Even though the powerful organization (cartel) in question, the NCAA, forbids players from being paid market value for their services, it is commonly understood by fans of college basketball that these sorts of backroom deals are brokered all the time. And every now and then what’ll happen is, some clueless teenage power forward will accept a pair of shoes from a friend of the program, and there will be a big long NCAA investigation and maybe a reduction in scholarships or a postseason ban, plus some fallout.

This time, the FBI is raiding the homes of sports agents, and taking coaches and apparel executives to jail. There were no perps or piles of evidence sitting next to U.S. Attorney Joon H. Kim at his press conference announcing all this on Tuesday, but it was nonetheless a scene familiar to anybody who’s ever seen some cops standing next to a bunch of bricks of seized cocaine on the evening news — a show of success that doesn’t do much of anything to fix the problem.

At any point in the last 30 years, the FBI could have taken up this cause. The shady influence of shoe companies and sports agents on amateur basketball is perhaps the No. 1 worst-kept secret in American sports.
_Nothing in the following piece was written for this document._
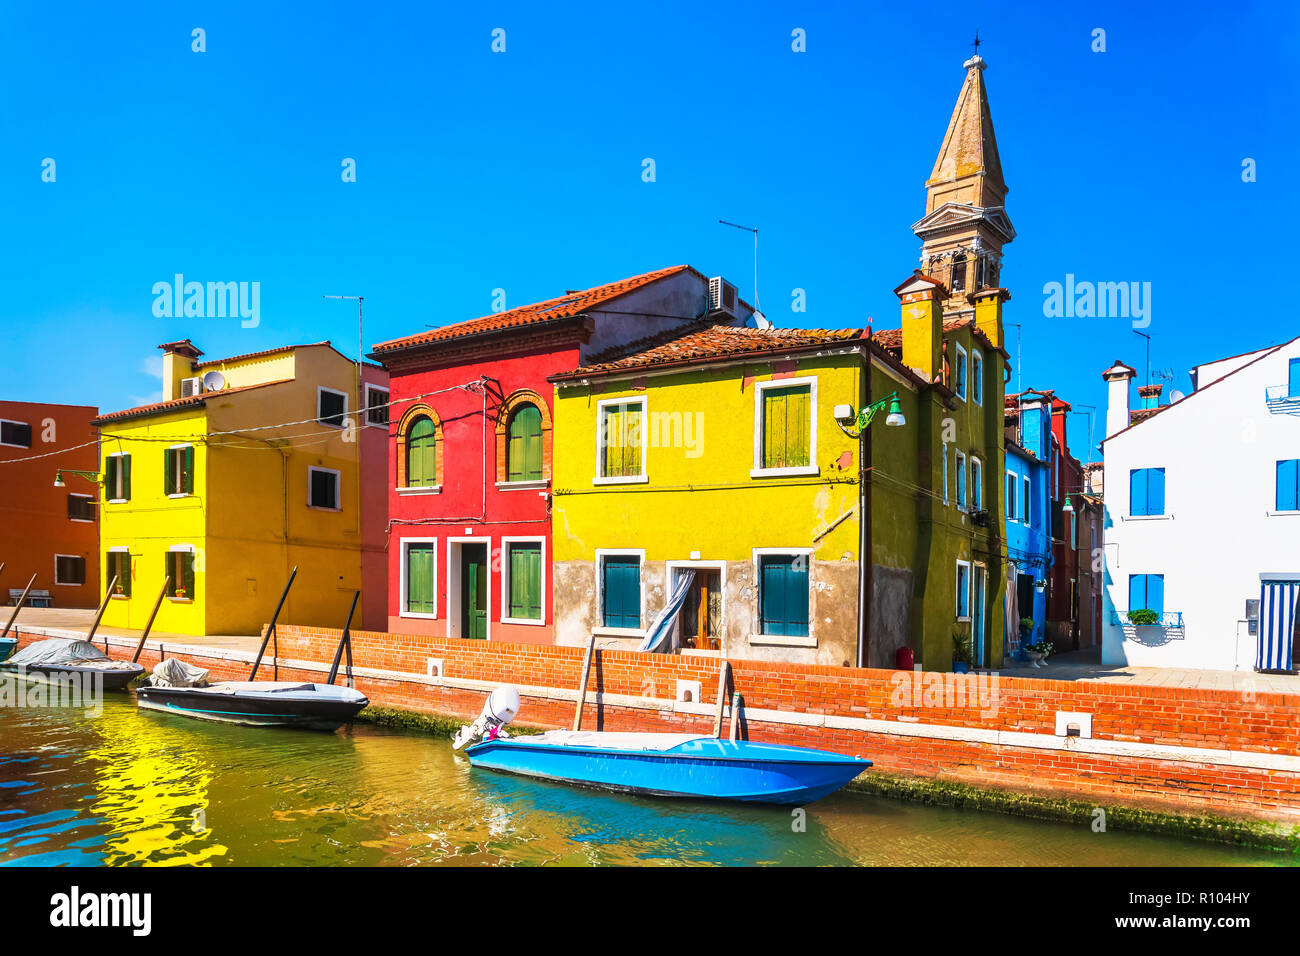 Wahrzeichen von Venedig, Burano Insel Kanal, bunte Häuser und Boote, Italien. Stockfoto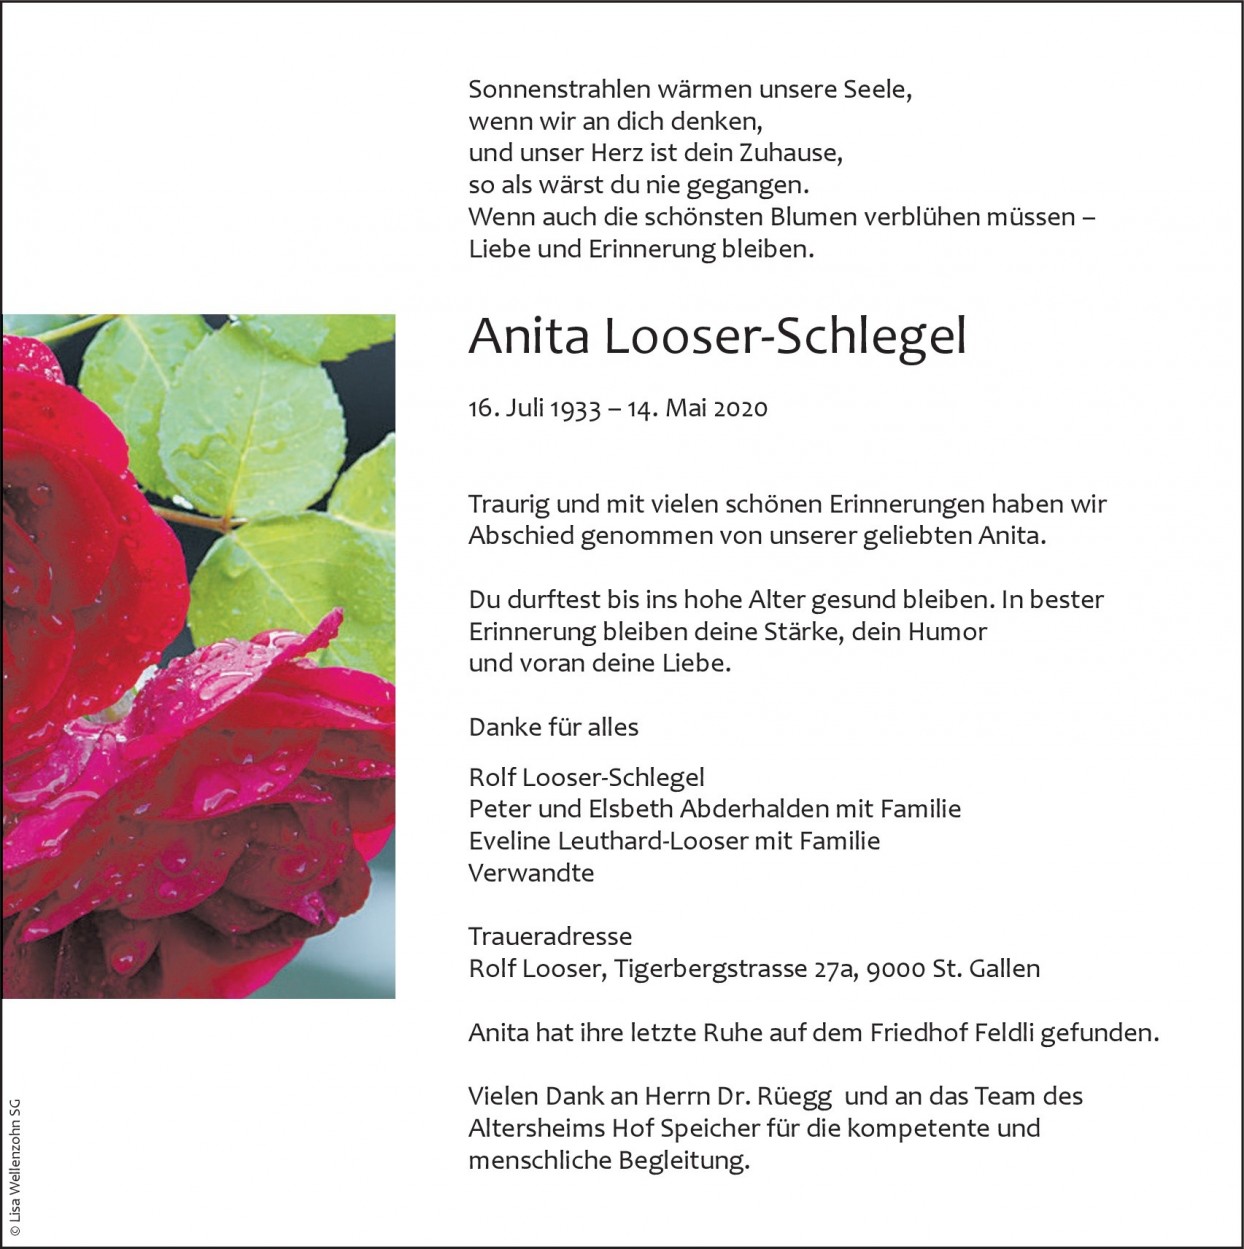 Anita Looser-Schlegel

It’s such an old story that when I heard these people had been arrested for accepting bribes in order to funnel players to certain sports agents, my first thought was, “Hold up, that’s illegal?”

So why do this now, as opposed to any other time since basketball shoes got popular? It’s appears the Justice Department has larger goals than scaring college basketball coaches with a handful of street rips, and by now the FBI surely knows that where a black market exists, there will always be fresh talent ready to exploit it.

It could be that the timing is right for the government to take down not just a bunch of assistant coaches and bag men, but the amateurism cartel itself, including the NCAA, whose bylaws have turned basketball talent into contraband.

The NCAA is vulnerable to legal attacks now, though at this point those attacks seem most likely to come in civil, not criminal, court. Because of the ruling in O’Bannon vs. NCAA, it is now a mater of legal precedent that the NCAA’s bylaws constitute “an unreasonable restraint of trade,” violating anti-trust laws. It is true the NCAA appealed that ruling, made by District Judge Claudia Wilken in 2013, but the NCAA’s appeal was only partially successful. Wilken’s suggestions about how to go about fixing the situation were struck down, but the anti-trust thing stuck.

So far that has not amounted to a lot as far as the players are concerned. In the form of a stipend for living expenses, they get a little more money than they used to from their schools, but they’re still trading in a suppressed market, and until that market is free, there are going to be shady dudes carrying bags full of money to impressionable teenagers. Certainly the FBI is aware of this. What it intends to do about it is unfolding as we speak.

If you find it hard to summon much outrage over a scenario that involves people being paid a fair price for their services, you surely are not alone. For all the crowing as Kim did Tuesday about how badly misled and manipulated the players and their families had been by alleged, none of this ever seemed to bother anybody in the Department of Justice until the day before yesterday.

Now, it’s Armageddon.

There’s no telling what’s going to be left of college hoops once Kim and the FBI get done with it, but if those agencies are as dedicated as they say they are to smoking out every last crook in amateur basketball, it’s difficult to imagine something as flimsy as the NCAA’s self-appointed status as keepers of the game withstanding the onslaught.

Because as long as there is still a black market for basketball players, all this amounts to is drugs on the table.